On Fri, 12 Mar 2021 at 18:41, Ben Woodard <woodard@redhat.com> wrote:

> if you look at abicompat there are functions like:
> perform_compat_check_in_*_mode(options& opts,
>                                     diff_context_sptr& ctxt,
>                                     corpus_sptr app_corpus,
>                                     corpus_sptr lib1_corpus,
>                                     corpus_sptr lib2_corpus)
> which ultimately does something like your perl script’s ELF reachability
> check when computing compatibility between libraries. It iterates through
> the undefined symbols and then calls get_sym_ids_of_*_to_keep().
>
>
So abicompat is a bit like abidiff -w symbol_list where the symbol_list is
just taken from an application.


> I would think that you would be able to essentially do the same thing
> inside of abidw to have it prune you abixml file in a similar way to how
> your perl script does.
>
>
Here the symbol list would be taken to be the ELF symbols. The harder part
is implementing the reachability traversal.


> (Paranthetical Note: one thing that really bothers me about those
> functions which I hope to work on as soon as I get a chance is I believe
> that they need to take const corpus_sptr’s for the app and lib1 lib2
> corpuses. Of course this means that the data structures would have to
> change and the sym_ids_of_*_to_keep() would need to be some sort of
> external data structure rather than something inside the corpus itself,
> I’ve been calling this a subcorpus as I’ve been thinking about how to make
> this change happen.
>
> The problem with the way that it is now is when using libabigail as a
> library, rather than as it is used in a tool like abicompat you want to be
> able to load a collection of corpora which takes non-trivial time in many
> cases and use them over and over. For example say you want to load the
> corpora of many variations of libraries and find the ones that are
> compatible with each other. You are going to want to use the app corpus
> over and over without having to reload it from the ELF or abixml each and
> every time. Yeah as a first pass you could clear the vectors with the
> *_to_keep but then you would only be able to use the corpus in one thread
> at a time. I think it would make better library design to move those things
> to the side.)
>
>
Some of the existing traversals in libabigail also have the notion of
"visited" as part of another object (like diff_context) and so mutate this
object, rather than being instantiated just for the given traversal.
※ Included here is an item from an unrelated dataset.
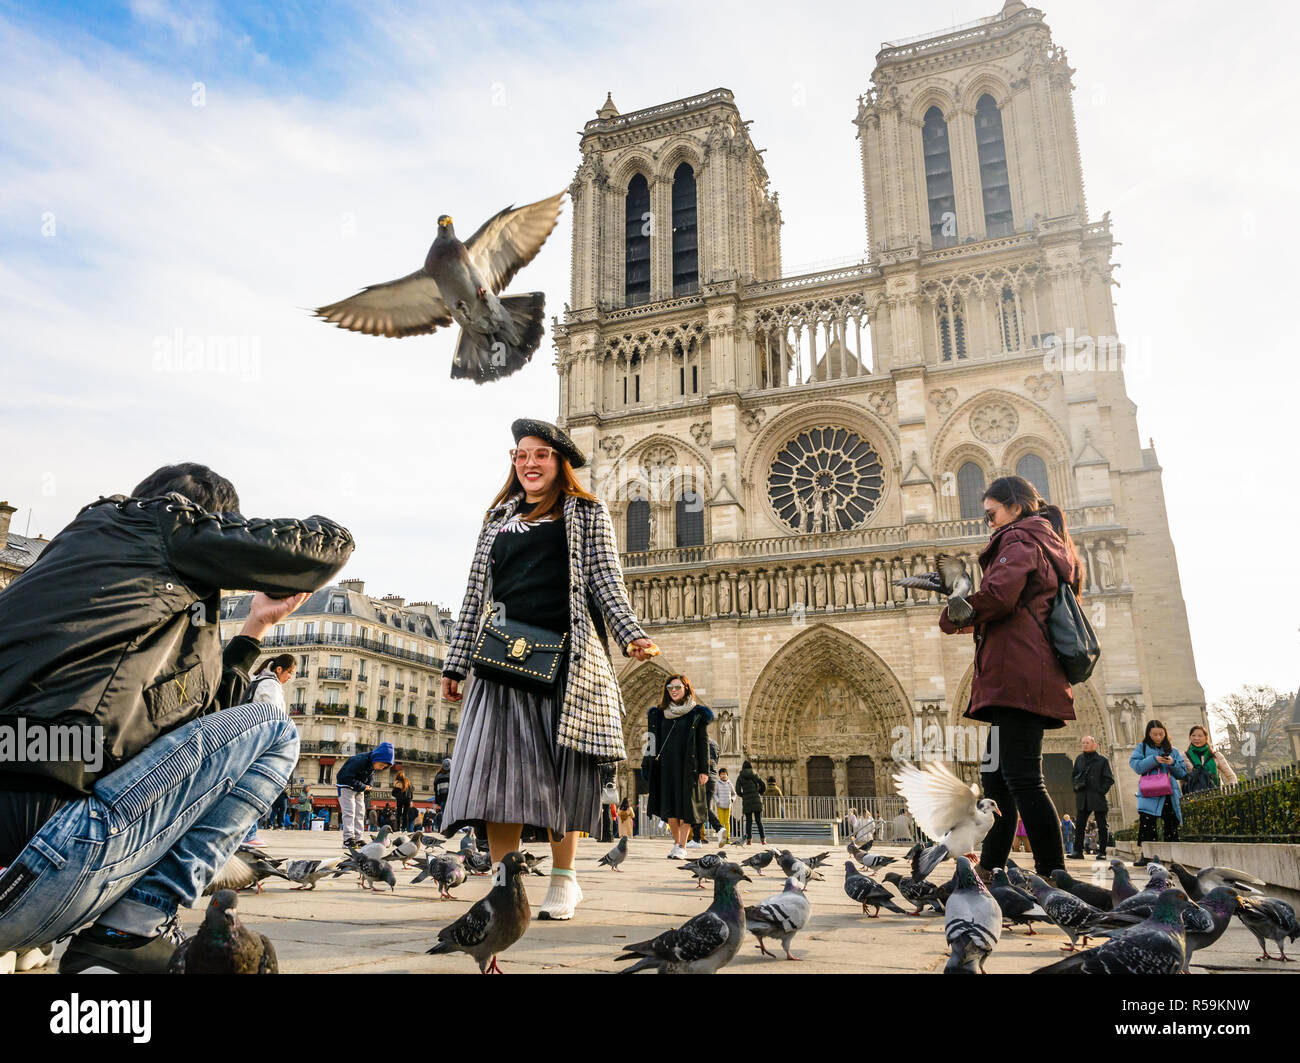 Un touriste asiatique prend des photos de sa petite amie au milieu de la marche s'envoler les pigeons en face de la cathédrale Notre-Dame de Paris par un beau matin d'automne. Banque D'Images

I
agree that it would be good to separate out this kind of interpretive state
from underlying objects.

In the case of optionally pruning unreachable symbols and types, having
extra state in read_context would make what's a very large object even
larger.

Logically, what we'd want to happen is something like:

set<node> reachable(const set<node> & roots, const corpus & corpus) {
  set<node> visited;
  for (const auto & root : roots)
    visit(visited, root, corpus);
  return visited;
}

corpus = read_corpus();
if (prune) {
  auto roots = exported(corpus);
  auto reachable = reachable(roots, corpus);
  corpus = filter(reachable, corpus);
}
write_corpus(corpus);

On Mar 12, 2021, at 8:51 AM, Giuliano Procida <gprocida@google.com> wrote:
>
> Hi.
>
> On Thu, 11 Mar 2021 at 20:39, Ben Woodard <woodard@redhat.com> wrote:
>
>> I think that you have pointed out a problem that I’ve been discussing
>> with some users that I’m working with. The sheer volume of the abixml
>> output is pretty extreme. I don’t think that they were really expecting it.
>> However, they are not running into the particular situation that you are
>> seeing since they don’t have the coding model of the problem library. They
>> are more likely to fall in the 5-10% range that you reported above.
>>
>> We have been talking about it in terms of “ABI Surface” vs. “ABI Corpus”.
>> The ELF reachability aspect that you point out seems to be part of the
>> difference between those two concepts.
>>
>>
> We want a distilled description of the ABI (the surface), not what may lie
> on the other side. More precisely, we want a typed interface where "type"
> encompasses extra things like architecture, calling convention, ISA, ELF
> symbol properties etc.
>
> One worry is that just chasing references from the exported ELF symbols
> may somehow miss something important, say for libraries that ship with bits
> of implementation in header files.
>
>
> Right now given the implementation above, it looks like ELF reachability
> is the only thing that abicompat takes into consideration. What you are
> saying potentially has important consequences because it could suggest that
> abicompat may be missing things.
>
> Do you know of or could you construct an example that demonstrates a case
> that would be missed by this ELF reachability? It may mean that we need to
> look at ways to enhance the checks in abicompat and in doing so they could
> also be part of the code that you use to prune the output of abidw.
>
>
Not really. My main thoughts were constructors and (as you mention) inline
functions in general.

If we think abouts what's being pruned:

1. declarations of functions and variables, absent from the ELF symbol table

These are either unusable (link failures) or have an implementation
entirely within header files.

In the simplest cases, a constexpr value or the behaviour of an inline
function could change between library versions, or their types could
change. We cannot possibly detect all of these kinds of things. The changes
may well be incompatible.

Note that abidiff doesn't report any such changes; I checked both with
abidiff -w and using objcopy to strip unwanted symbols.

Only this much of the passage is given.